• [The data]:
■ ■ ■ ■ ■ ■ ■

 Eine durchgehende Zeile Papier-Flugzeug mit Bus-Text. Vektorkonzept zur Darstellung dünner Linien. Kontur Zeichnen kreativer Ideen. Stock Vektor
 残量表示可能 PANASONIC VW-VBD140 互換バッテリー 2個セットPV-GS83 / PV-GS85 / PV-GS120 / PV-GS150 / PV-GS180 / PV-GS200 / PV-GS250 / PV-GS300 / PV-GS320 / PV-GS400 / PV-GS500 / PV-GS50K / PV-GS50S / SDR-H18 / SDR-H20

■ ■ ■ ■ ■ ■ ■

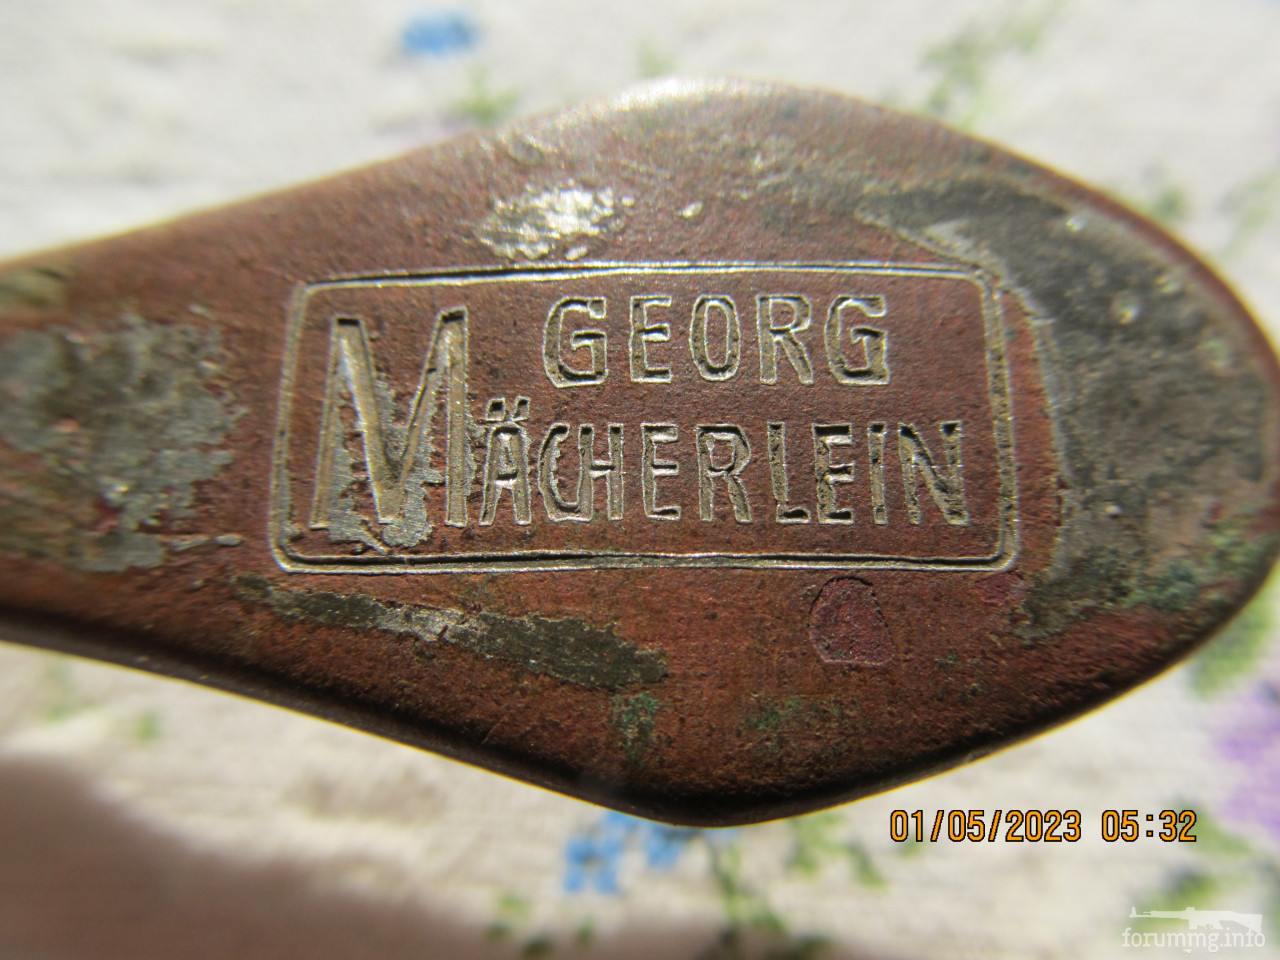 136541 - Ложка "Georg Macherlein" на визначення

■ ■ ■ ■ ■ ■ ■

• [Directions for this task]:
Reproduce exactly the lines of the records above from the one with "Eine durchgehende Zeile" to the one with "残量表示可能 PANASONIC VW-VBD140", both included, and leave out everything else.

• [Exercise answer]:
 Eine durchgehende Zeile Papier-Flugzeug mit Bus-Text. Vektorkonzept zur Darstellung dünner Linien. Kontur Zeichnen kreativer Ideen. Stock Vektor
 残量表示可能 PANASONIC VW-VBD140 互換バッテリー 2個セットPV-GS83 / PV-GS85 / PV-GS120 / PV-GS150 / PV-GS180 / PV-GS200 / PV-GS250 / PV-GS300 / PV-GS320 / PV-GS400 / PV-GS500 / PV-GS50K / PV-GS50S / SDR-H18 / SDR-H20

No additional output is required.